Output the full listing below exactly as it reads, and skip anything that is a picture.

Supplied material —
------

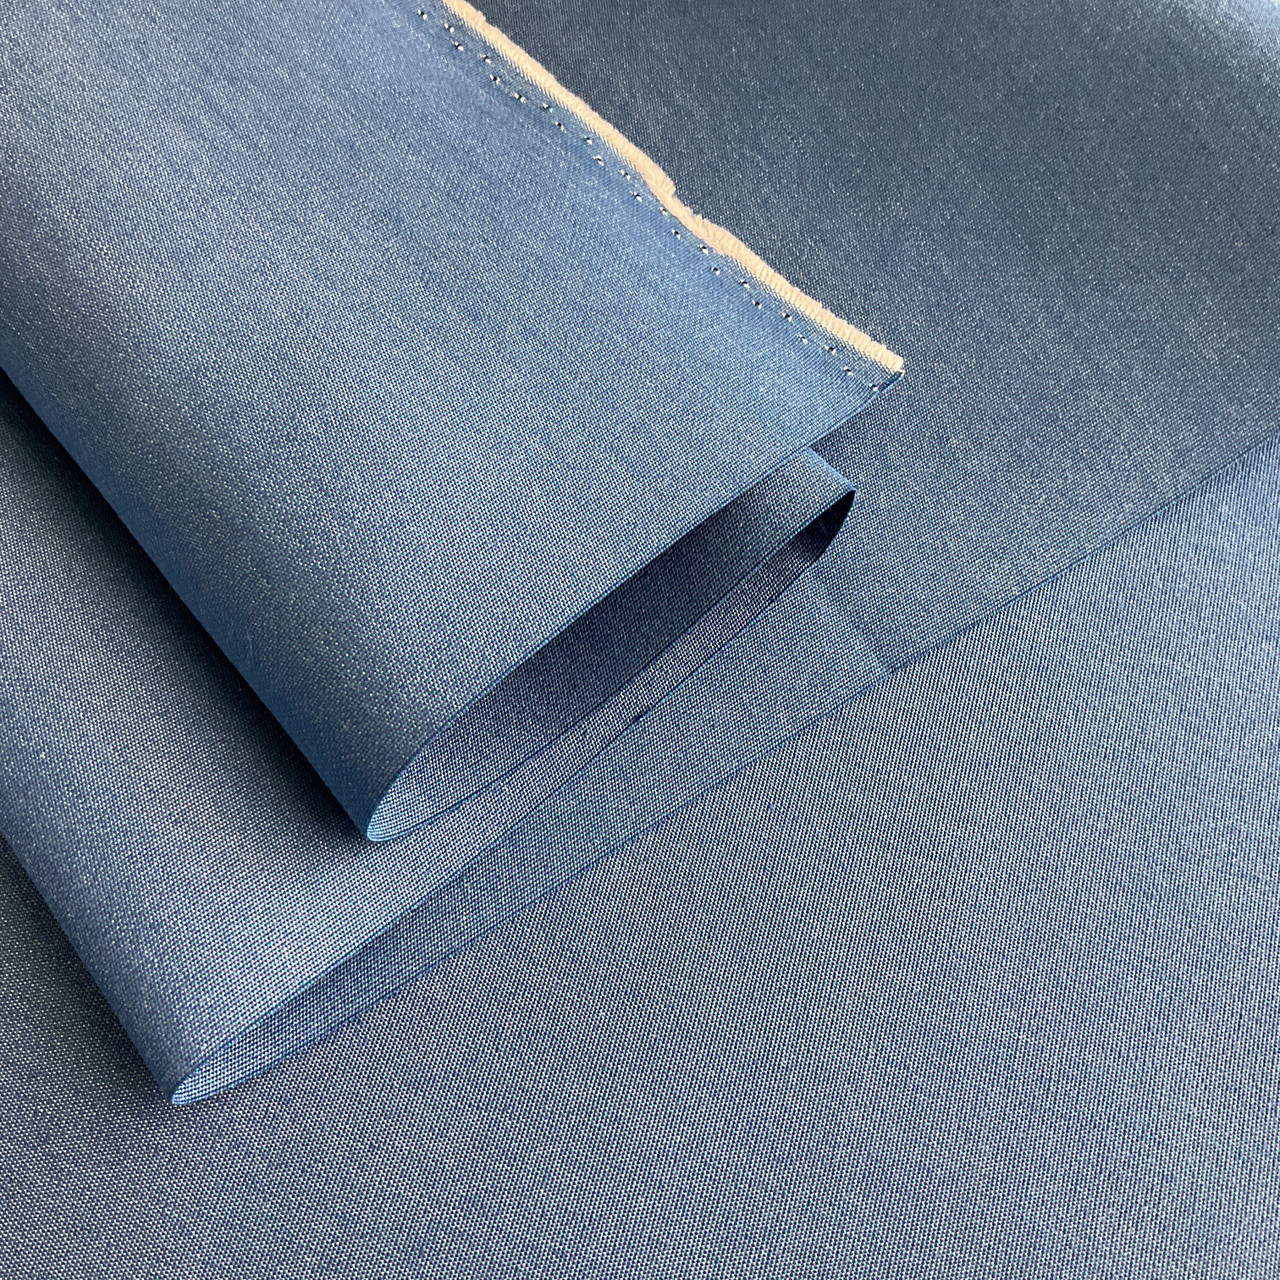 Sunbrella Fabric 54 Upholstery Cast Petal 40431, by the yard
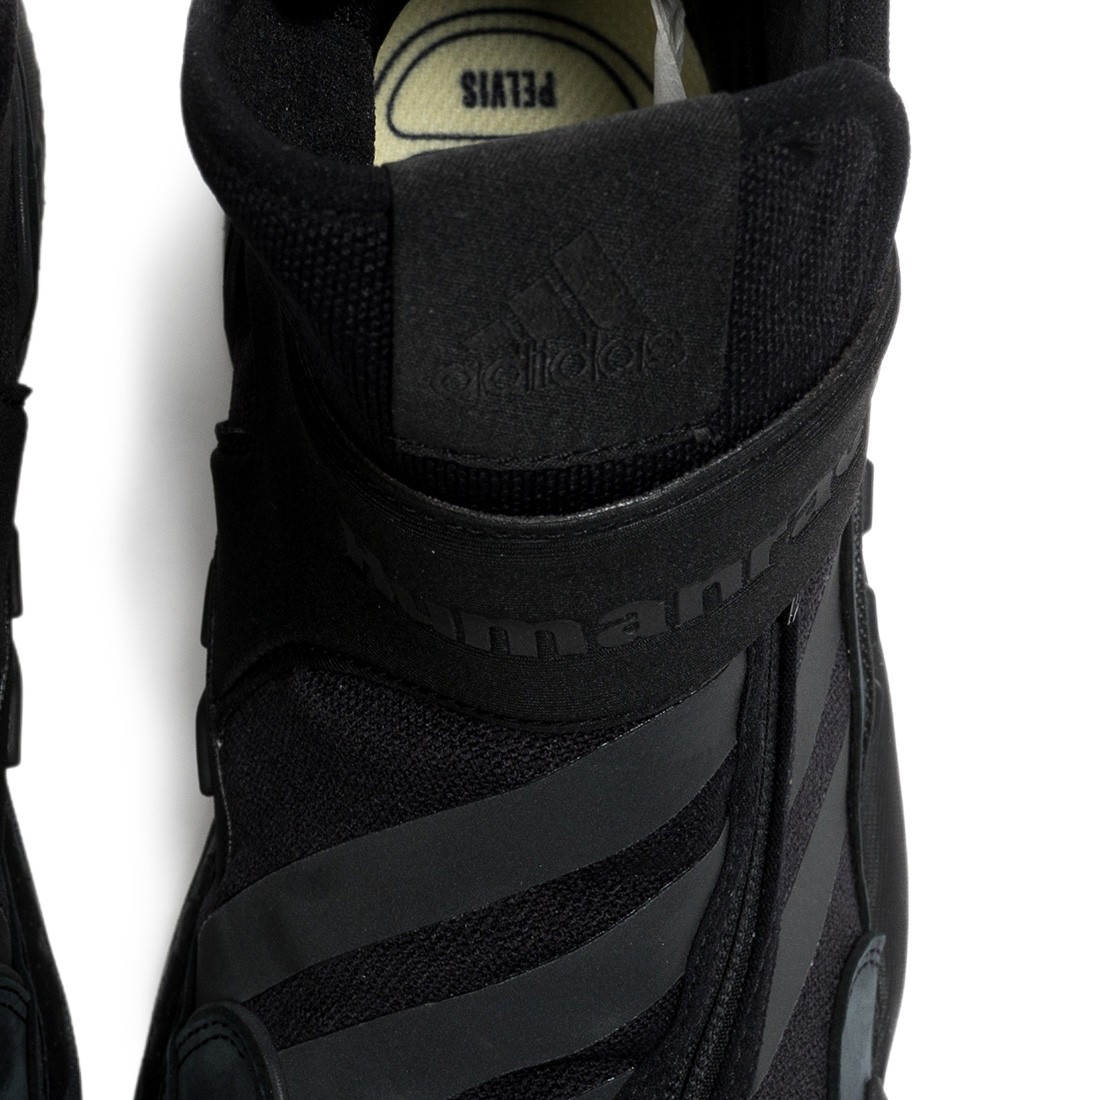 Men's shoes adidas x Pharrell Williams 0 TO 60 Core Black/ Core
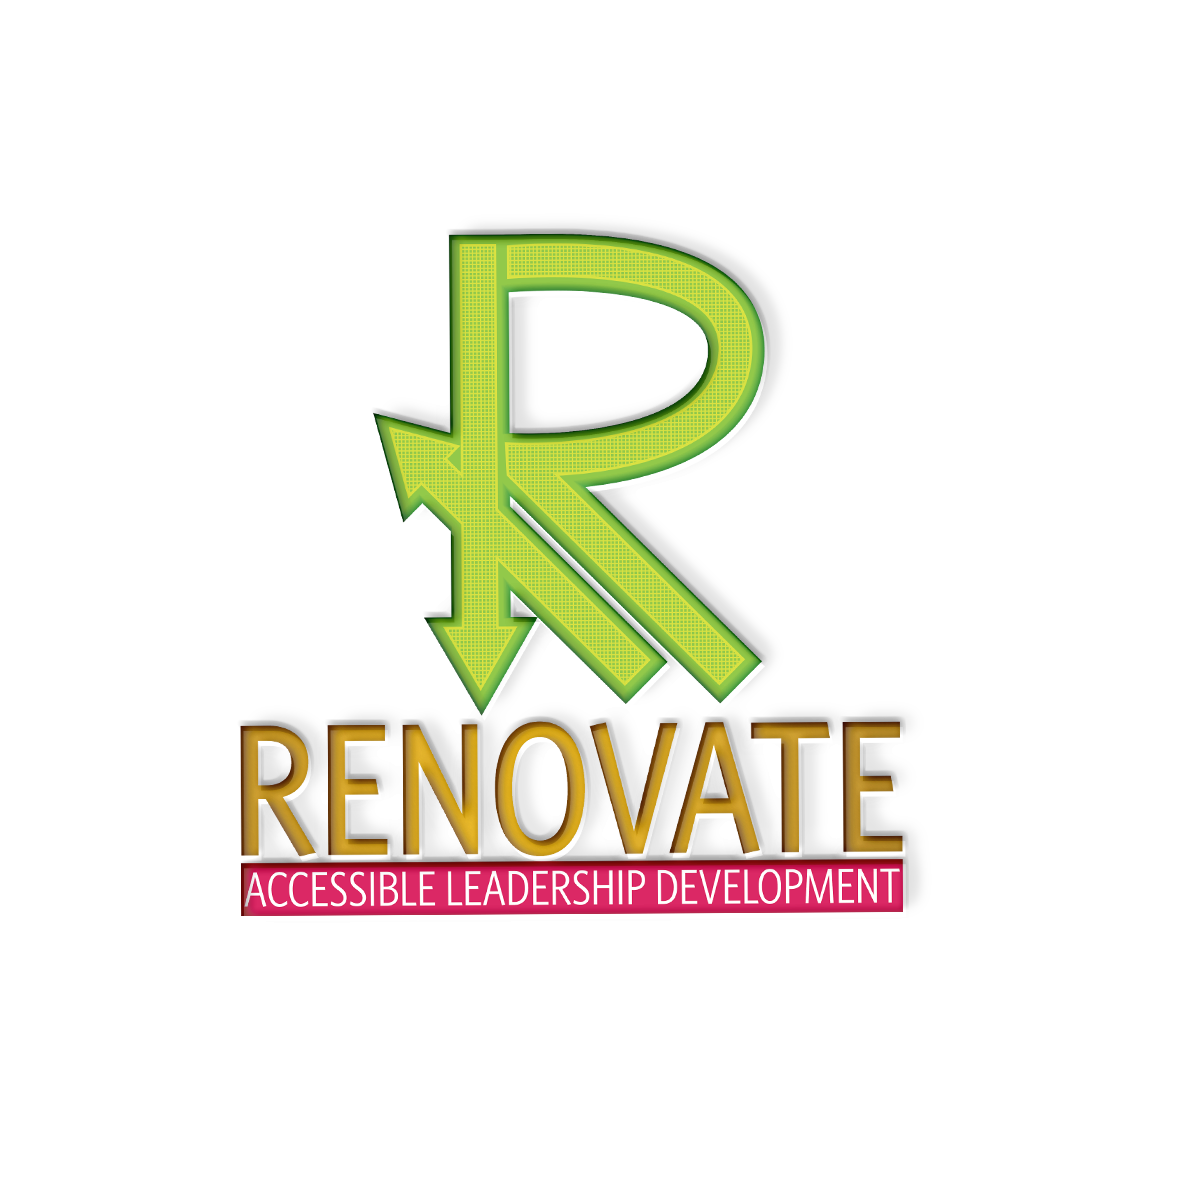 Renovate: Accessible Leadership Development

------

Solution for this problem —
 Sunbrella Fabric 54 Upholstery Cast Petal 40431, by the yard
 Men's shoes adidas x Pharrell Williams 0 TO 60 Core Black/ Core
 Renovate: Accessible Leadership Development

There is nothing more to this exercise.